▶ [What to do]:
Each line of the listing must be transcribed exactly, except for the images, which should be excluded.

▶ [Exercise data]:
******************************

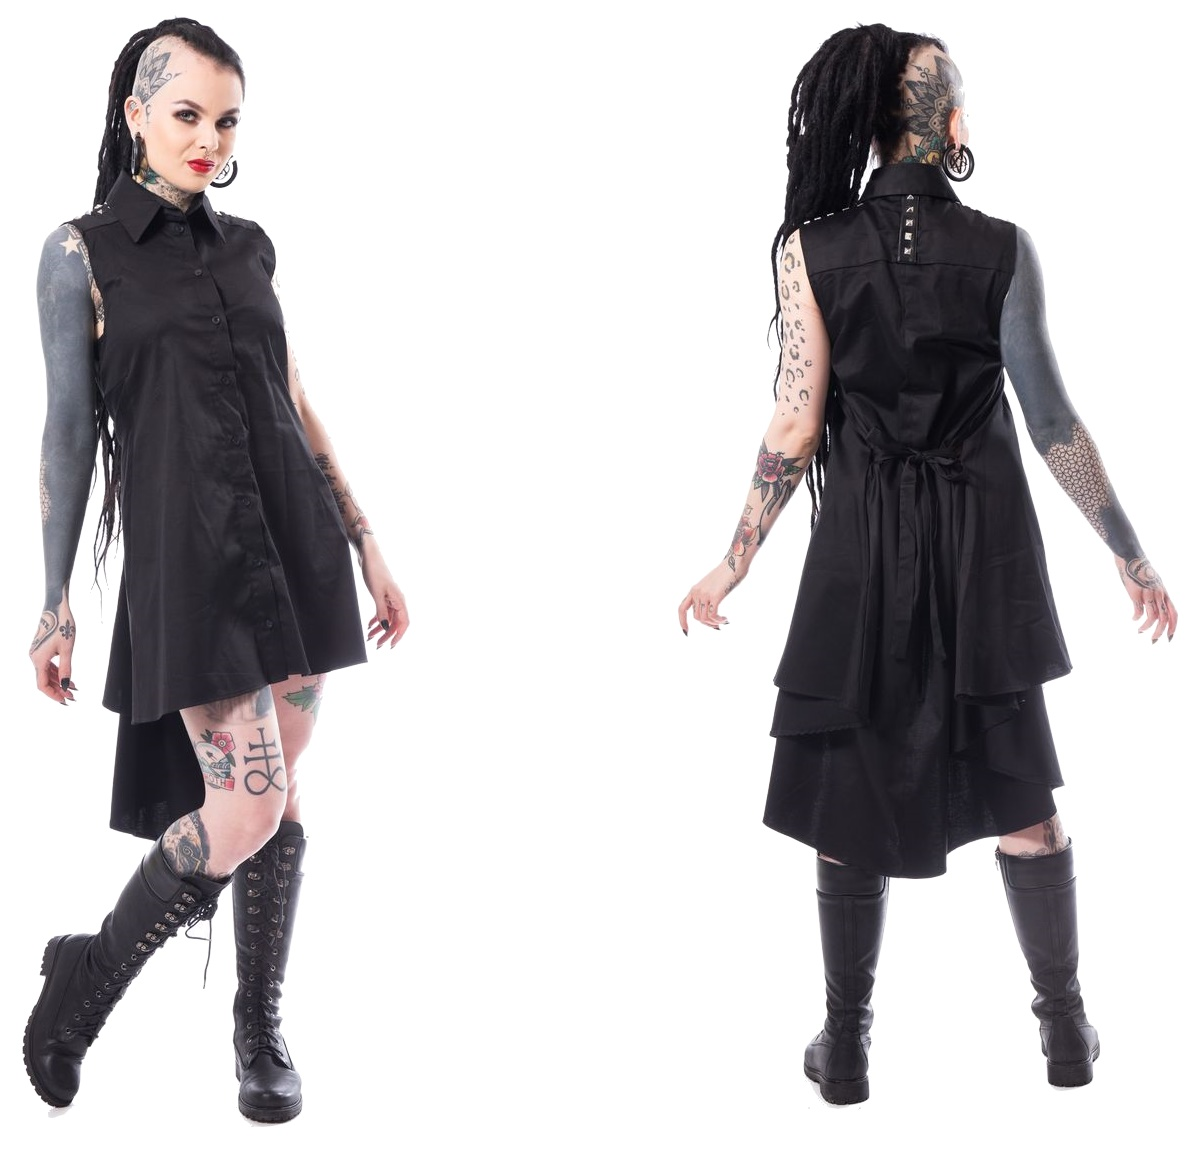 32bdbdbca87c92 After Death Mini Dress Tunika Spin Doctor Plussize in XL - Spin ...
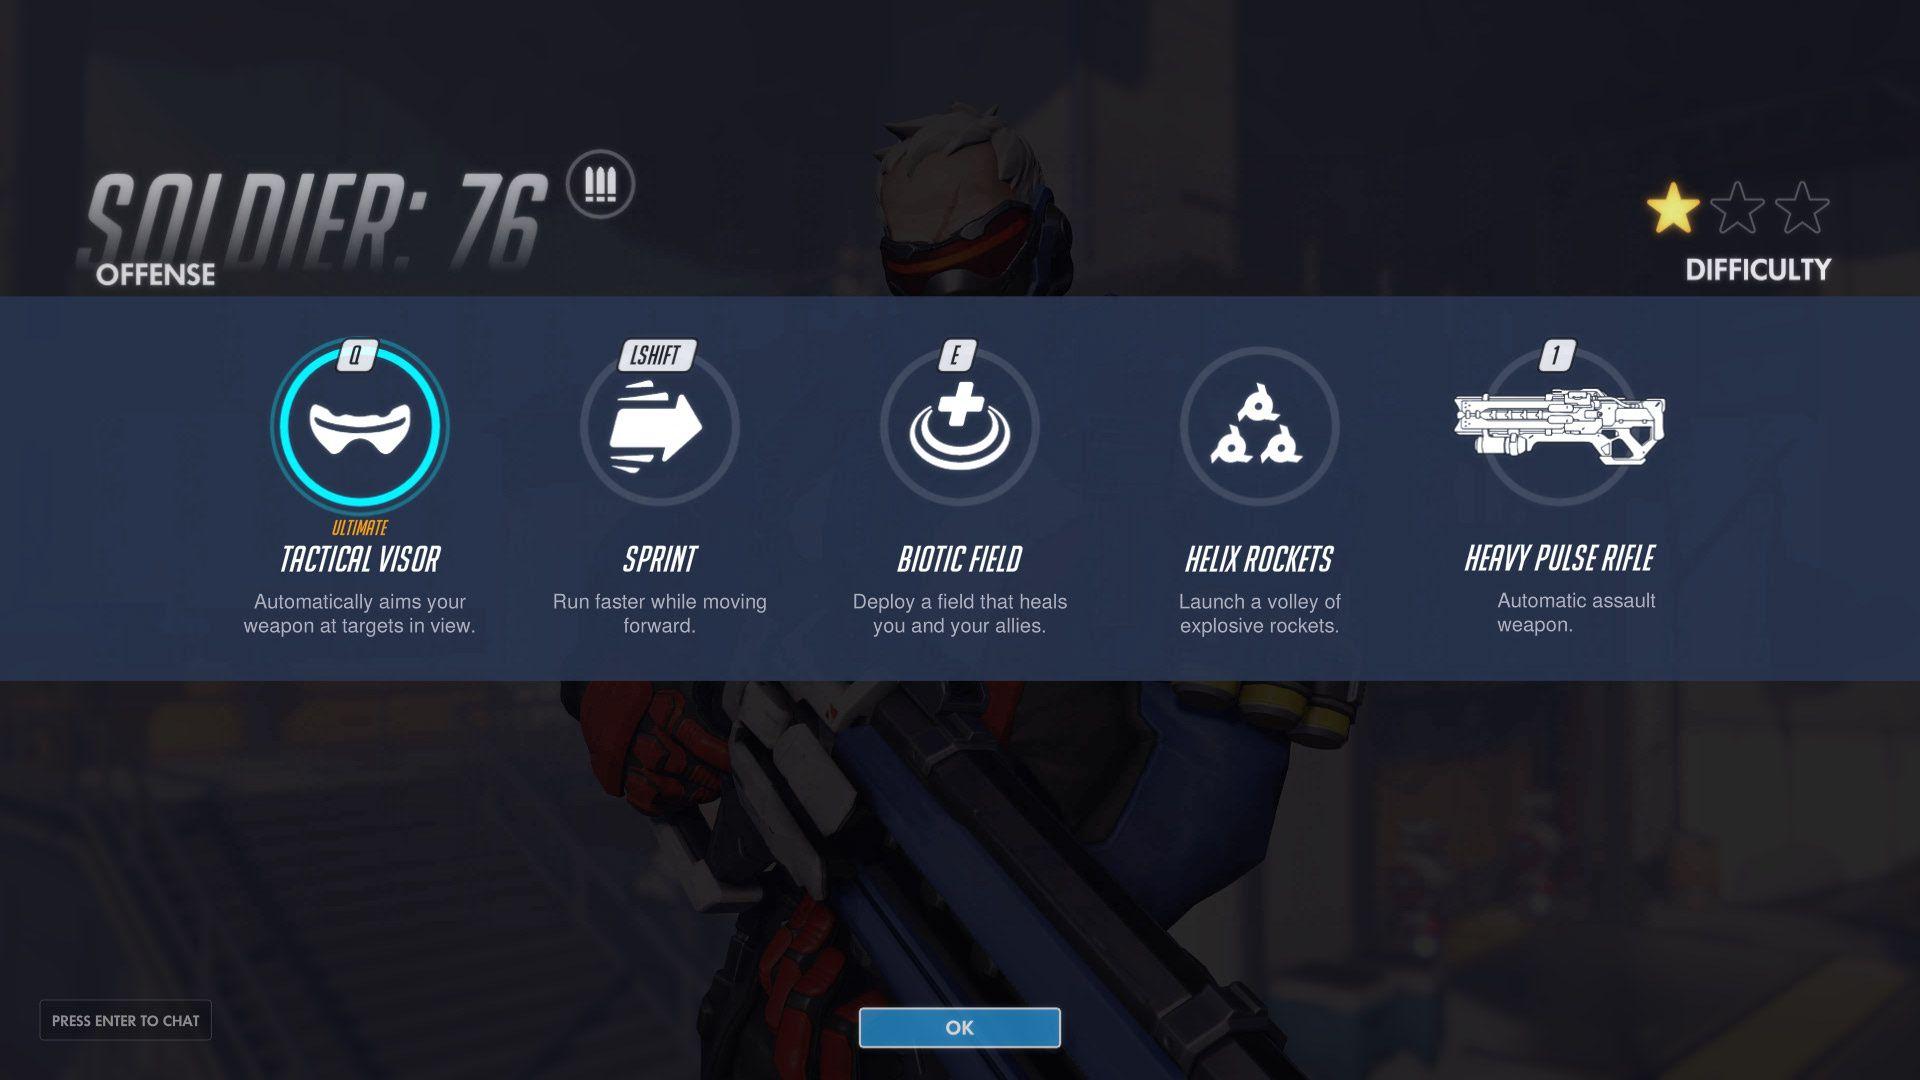 Choosing The Best Offensive Hero Character In Overwatch
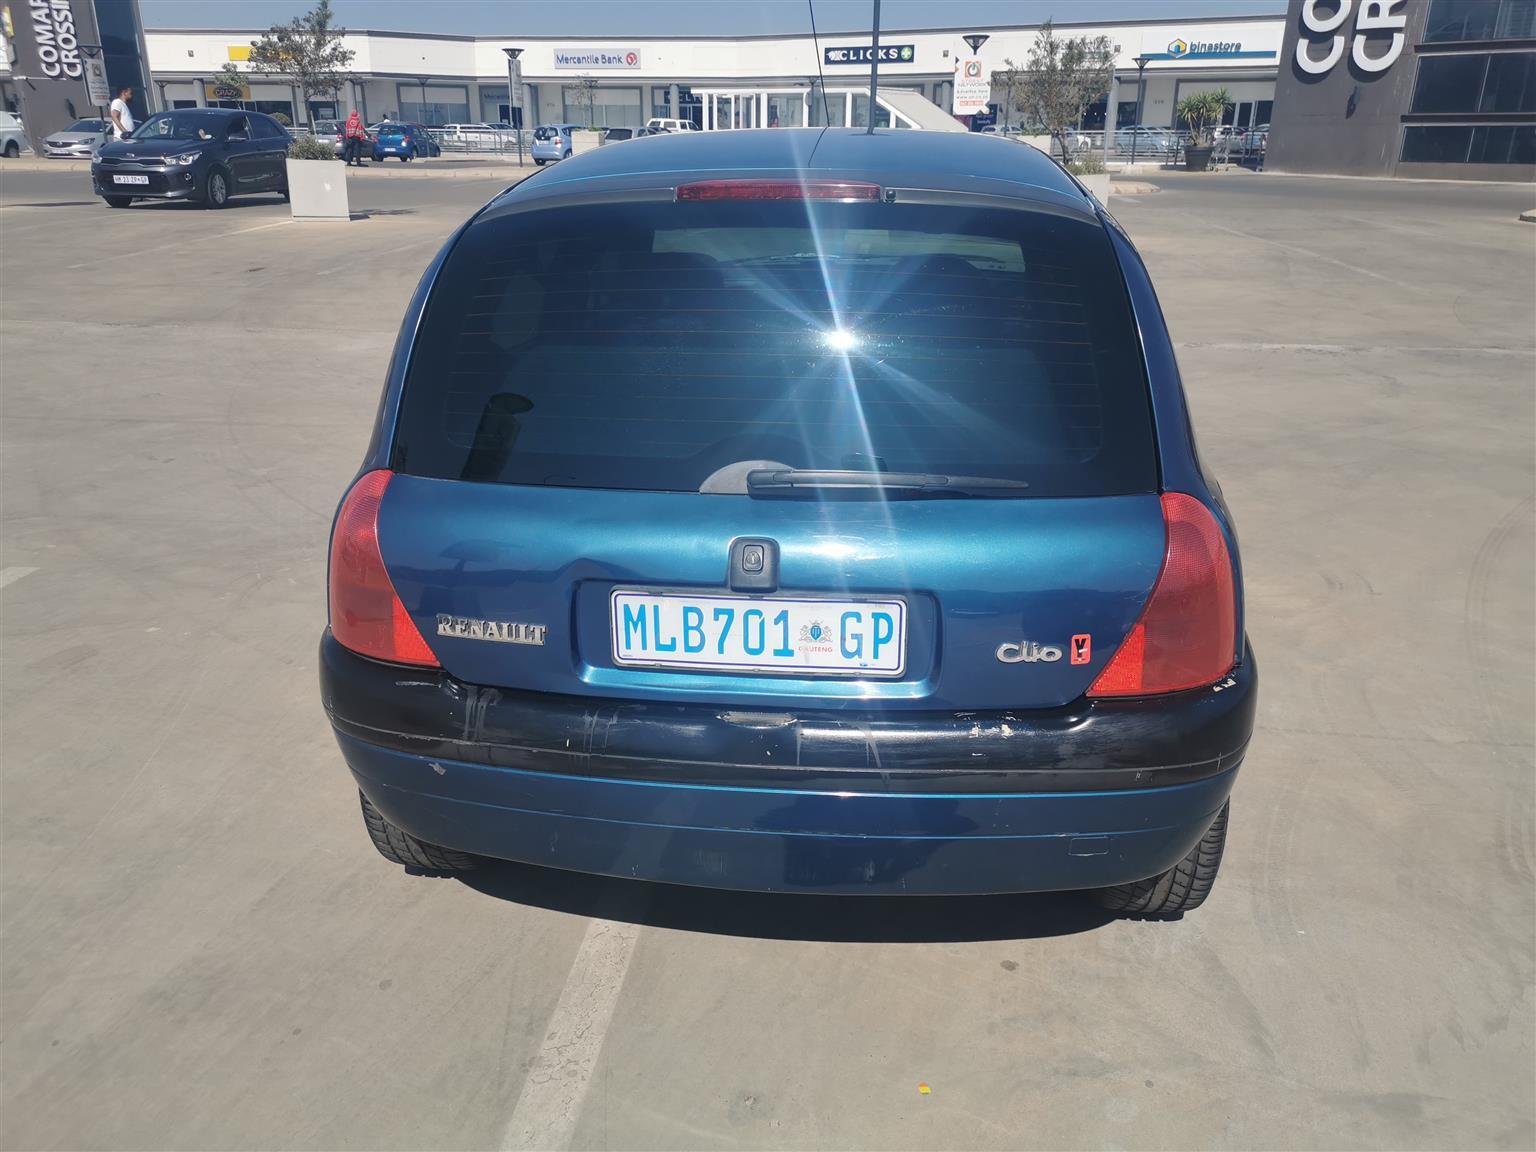 2001 Renault Clio 1.4 Expression 5 door
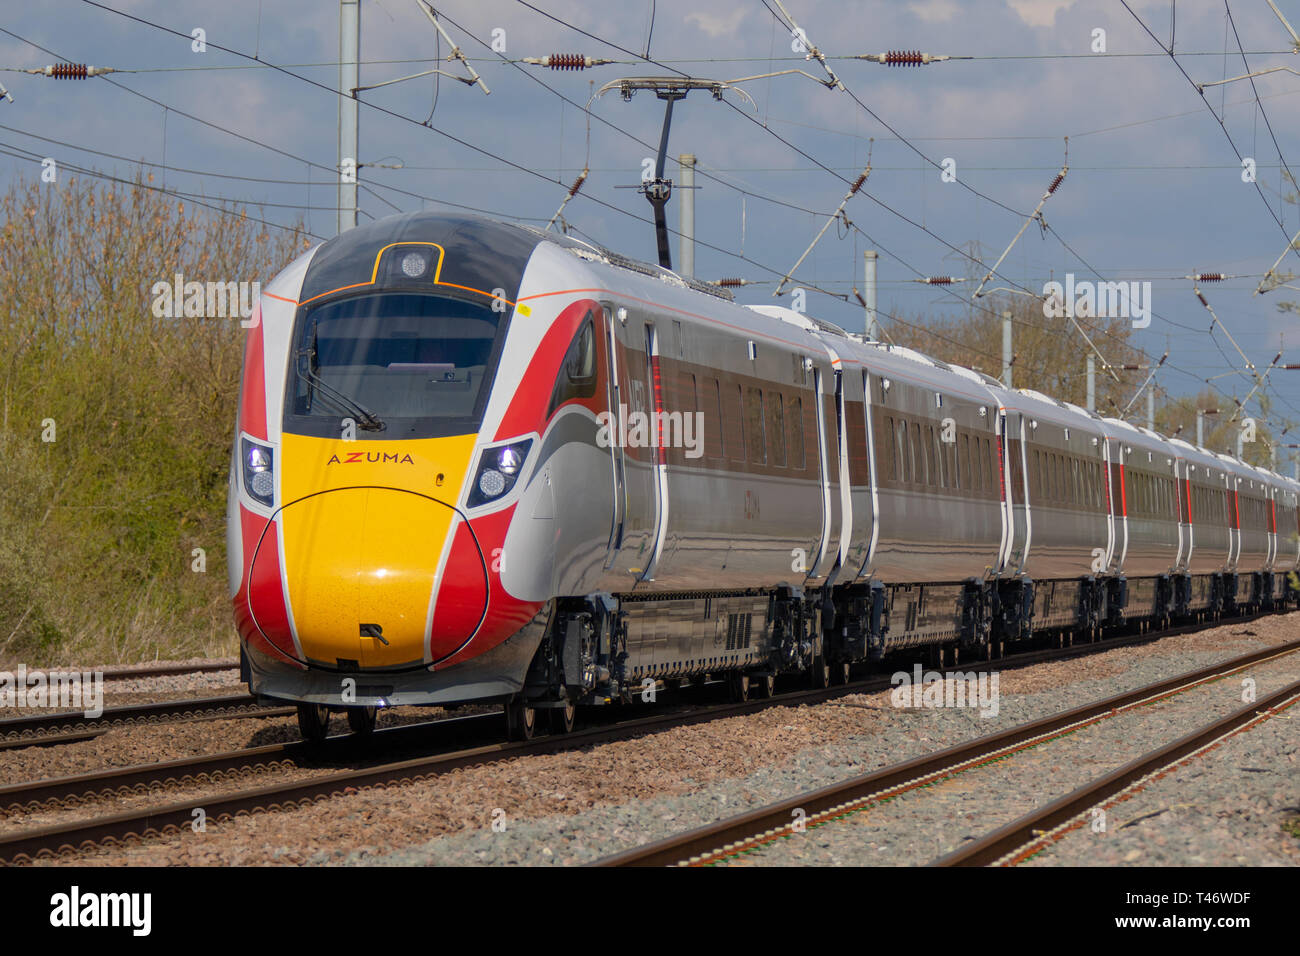 New LNER Hitachi 800 Azuma Electric Train - Stock Image

******************************

▶ [Your solution]:
 32bdbdbca87c92 After Death Mini Dress Tunika Spin Doctor Plussize in XL - Spin ...
 Choosing The Best Offensive Hero Character In Overwatch
 2001 Renault Clio 1.4 Expression 5 door
 New LNER Hitachi 800 Azuma Electric Train - Stock Image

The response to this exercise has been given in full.